Speakers & Organizations Mentioned

  • Brando – European Parliament representative, lead voice on code of practice implementation
  • Sean – Governance expert/scholar advocating for international cooperation and competitive pressure mitigation
  • Professor Benjo – Researcher on AI risks (including loss-of-control scenarios); cited on code of practice design
  • European AI Office – Institutional body responsible for implementing and enforcing the code of practice
  • EU Member States – Implied signatories to the AI Act framework
  • China – Referenced as a critical actor in international AI governance who must be brought "to the table as equals"
  • Leading AI Companies (unnamed CEOs) – Acknowledged as sources of competitive pressure concerns

Technical Concepts & Resources

  • EU AI Act – Primary legislative framework discussed; notably uses code of practice rather than prescriptive regulation

  • Code of Practice – Collaborative, evolving ruleset developed through multi-stakeholder process (civil society, developers, SMEs, large enterprises, academia)

  • Risk Categories:

    • Existential risks
    • Systemic risks (democratic, freedom-related)
    • Loss-of-control risks (cited as Benjo's research area)
  • Safety Chapters – Specific sections of the code of practice presented as potential template for international adoption

  • Trust Frameworks – Domain-specific control mechanisms (referenced but not technically detailed; implied need for development in medicine, customer service, and other sectors)

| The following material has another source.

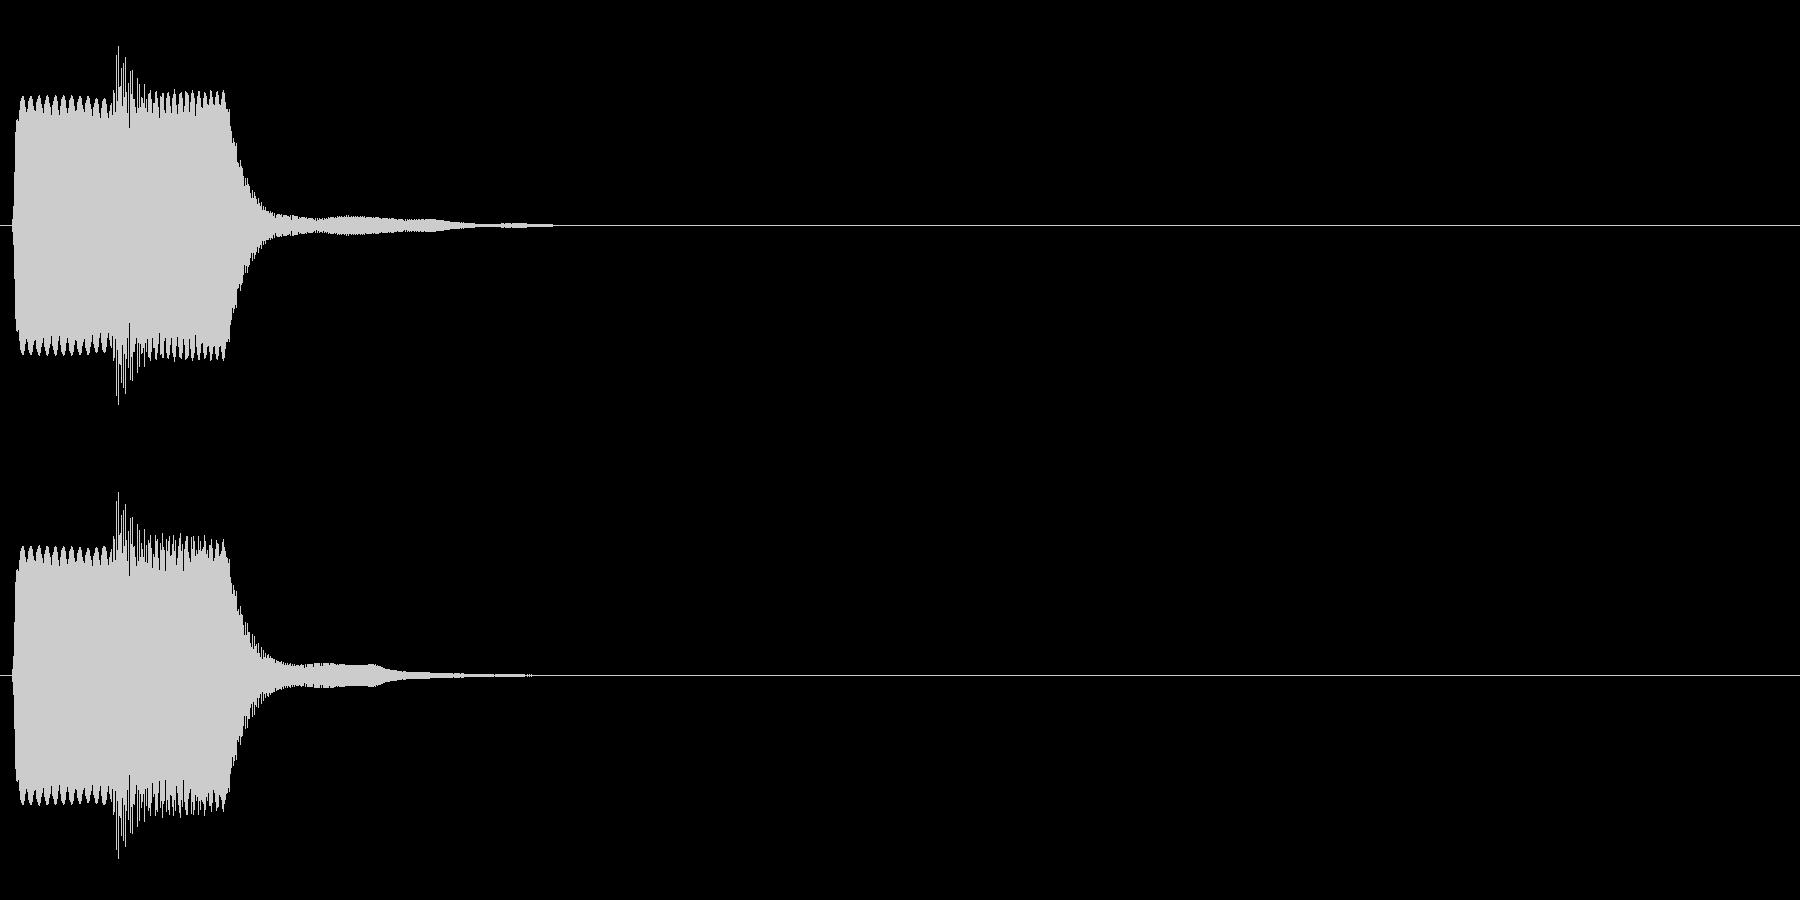 ピコン_鋸波(終了,停止,通知)_04の未再生の波形

  • Military AI Use – Identified as requiring international governmental cooperation

  • Misinformation, Cyberbullying, Criminal Use – Concrete systemic risks the code targets


Note: This transcript lacks speaker identification for most participants and does not include formal citations to specific research. The discussion is policy-focused rather than technically deep, reflecting a governance/leadership panel rather than a technical research presentation.